For most of my life, I regarded streets as the spaces between meaningful things. The house was meaningful. The shop was meaningful. The church, the school, the office building. These were the places where life happened. The street was what you passed through to get there. It was an afterthought (unless it was being used for street hockey).
Only gradually have I come to understand that this way of seeing is not accidental. It is the inheritance of a particular story about what a city is and what its streets are for.

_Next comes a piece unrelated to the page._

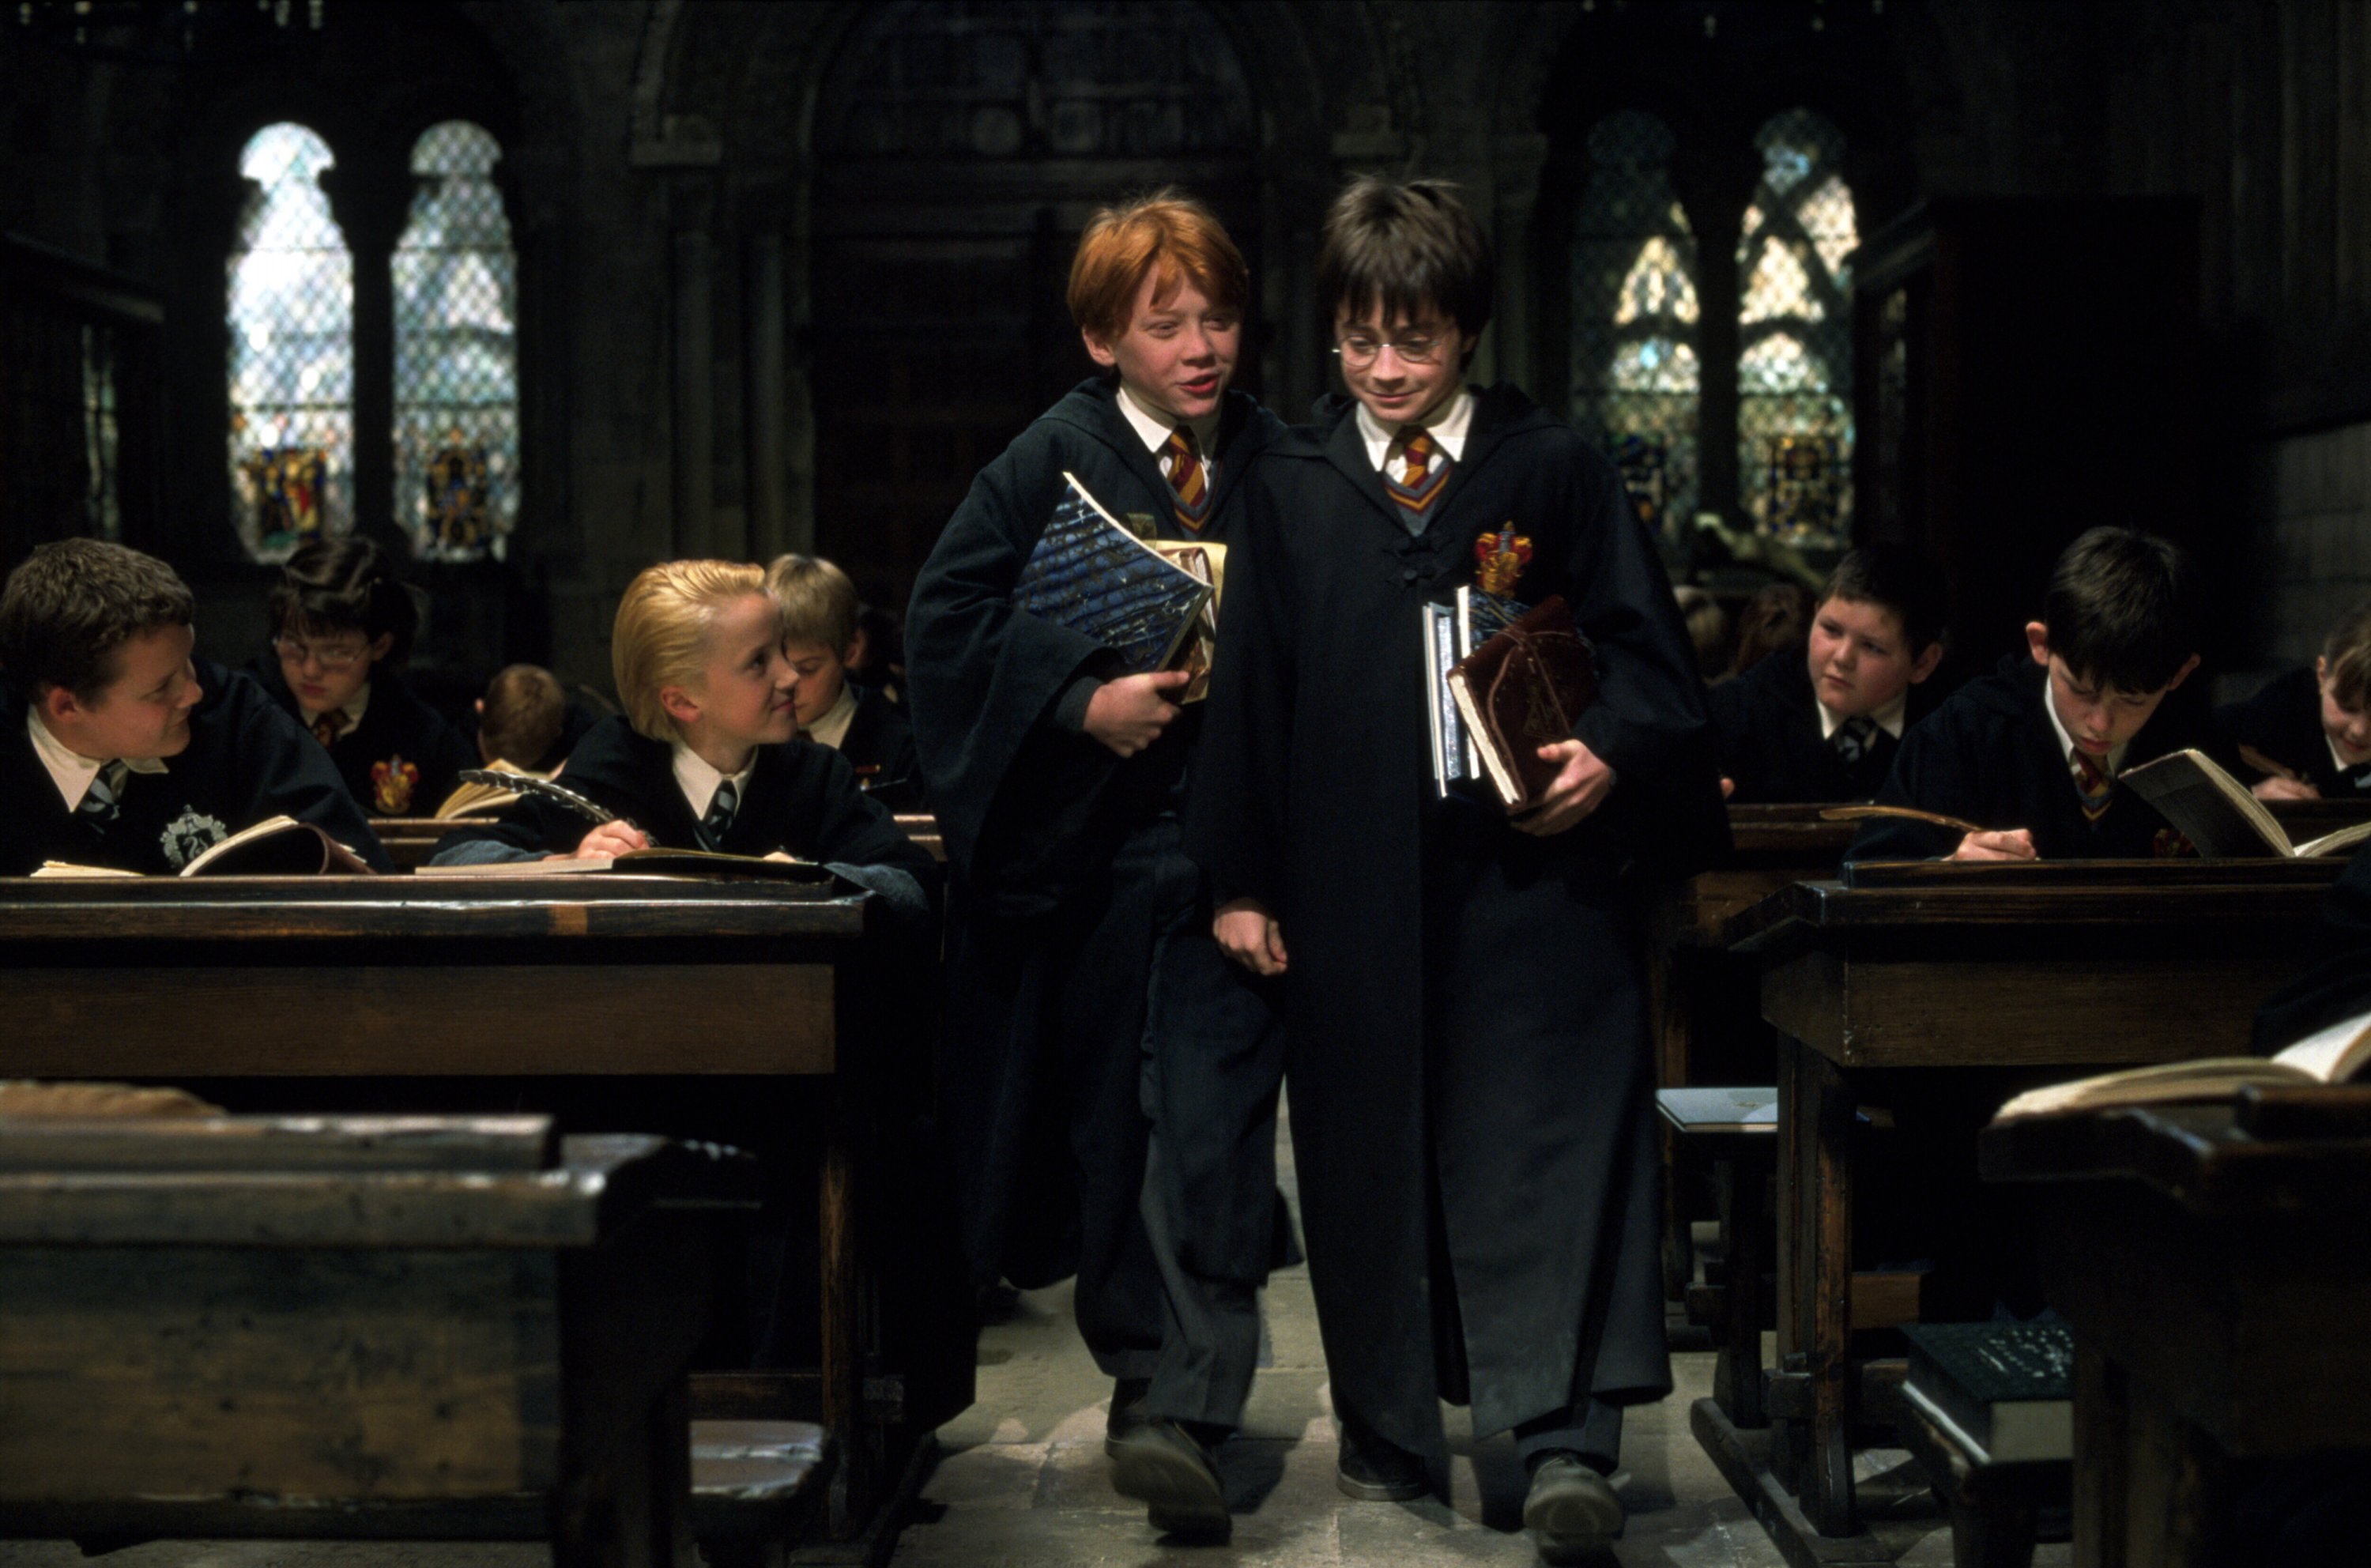 Harry Potter Scene Background

That way of seeing did not emerge by accident. In a recent and worthy essay in Public Square, David Green points to a decisive moment:
“The idea that streets aren’t the primary element of cities was precipitated by the adoption of the 1926 State Zoning Enabling Act, which described a process through which cities would be planned based on projected uses (the least permanent part of a city coincidentally), and the suppression of the 1928 City Planning Enabling Act, which simply codified a process for designing cities (starting with a master plan, which at the time was a simple projection of public rights-of-way).”

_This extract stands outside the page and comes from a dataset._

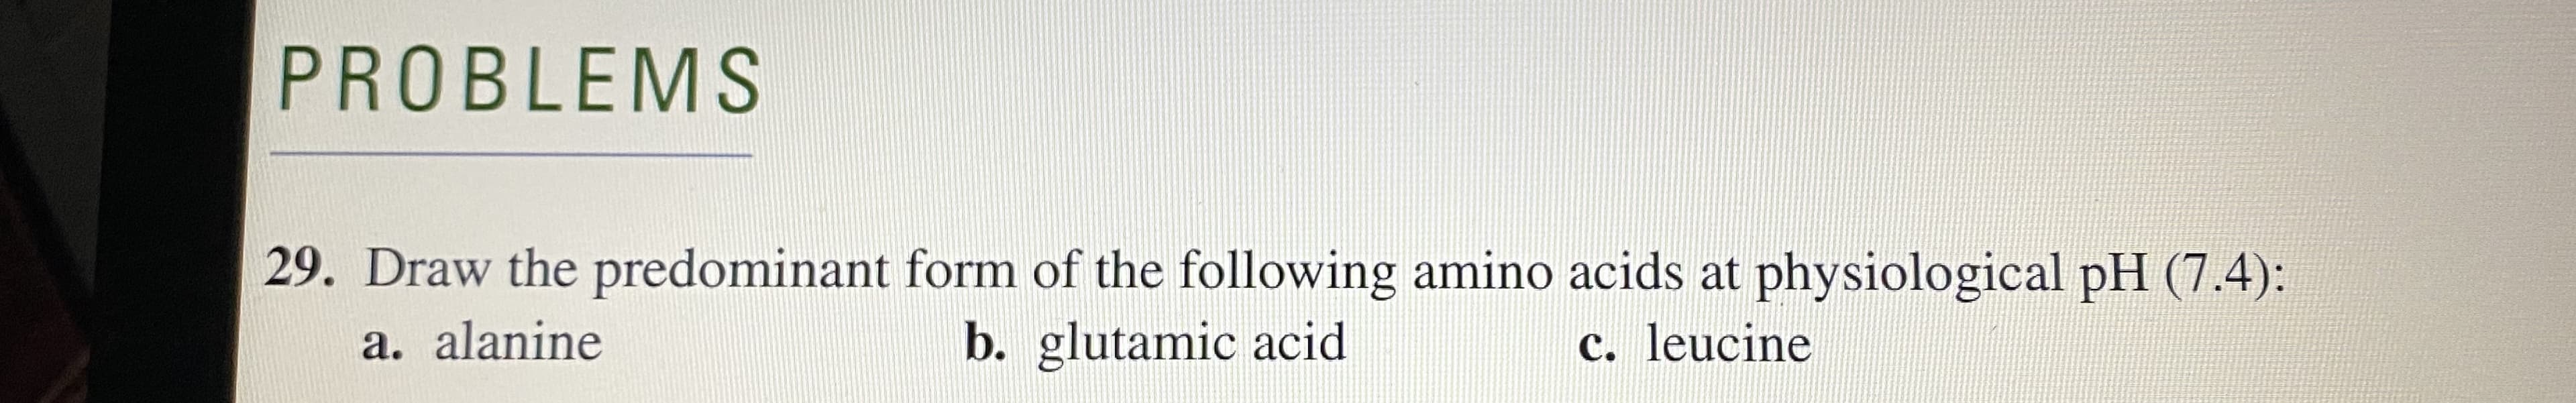 Draw the predominant form of the following amino acids at physiological pH (7.4):
a. alanine
b. glutamic acid
c. leucine

After the Second World War, this reorientation found its engine in the automobile. Access by personal car became not merely a convenience but an unquestioned good, a kind of organizing virtue. The suburban pattern of development took shape around this assumption, and it did so with remarkable consistency. Streets were widened. Turning radii enlarged. Land uses separated. Parking mandated. Each decision, taken alone, appeared rational. Together they formed a pattern that presumed, at every step, that the primary mode of transportation would be the private automobile.

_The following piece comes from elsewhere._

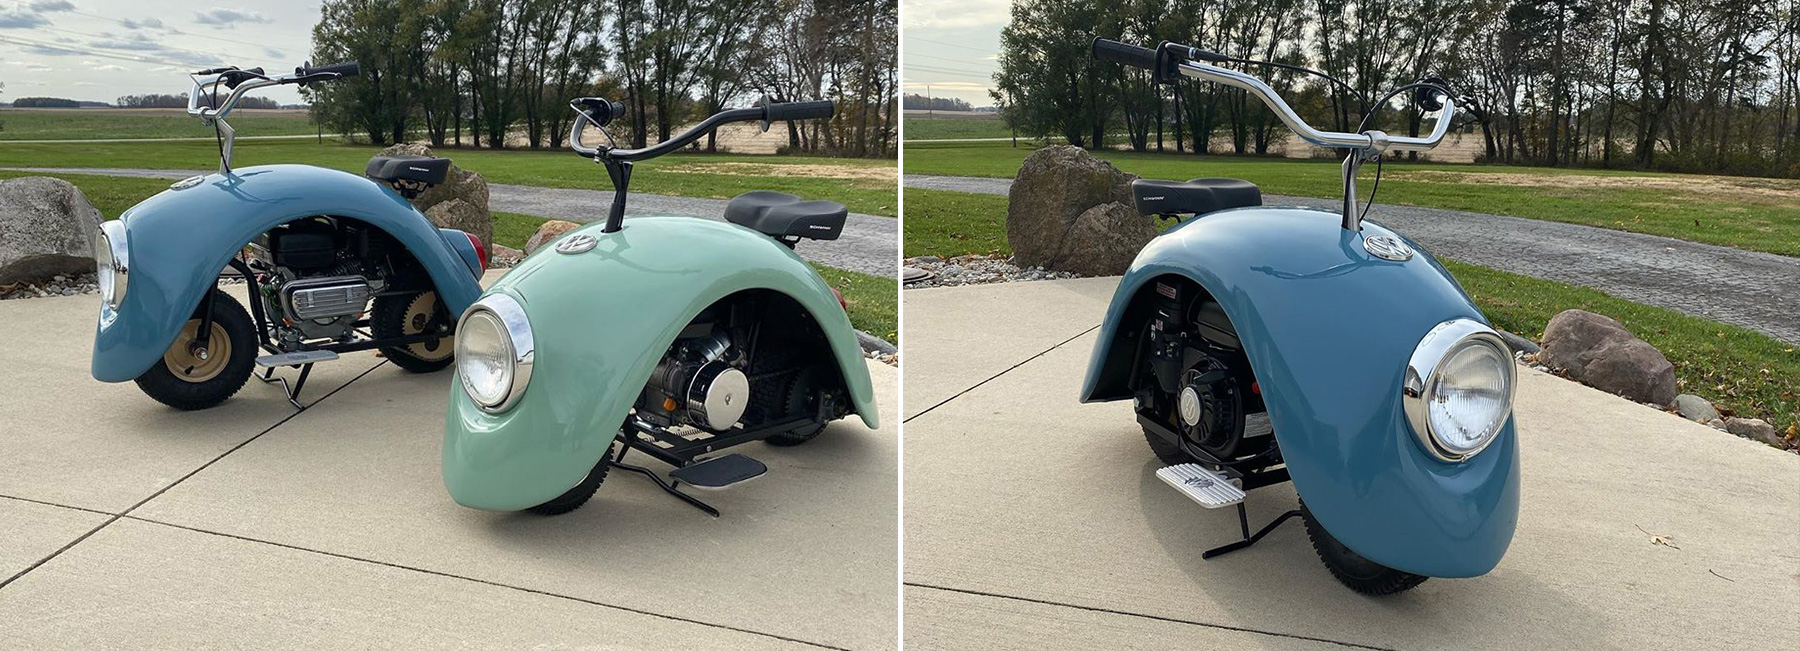 an original volkswagen beetle was taken apart to create these mini bikes

When that assumption governs, the street cannot remain what it once was. It is no longer the shared ground of exchange and encounter. It becomes instead a conduit whose chief purpose is movement. And because movement, in this pattern, must always increase, no street is ever truly finished. Any one of them may someday be widened, straightened, signalized, or transformed into something larger, should traffic counts and projections demand it.
In such a system, even a modest neighborhood street lives under a quiet threat of escalation.
Strong Towns’ Chief Technical Advisor, Edward Erfurt, has often noted the resistance he encounters when proposing connected street grids in new developments. Simply drawing lines that join one project to another can provoke concern. There is fear of cut-through traffic, fear of congestion, fear of change. The instinct is to protect, to contain, to sever. The result is a landscape of loops and pods and collectors, each development internally orderly yet externally isolated.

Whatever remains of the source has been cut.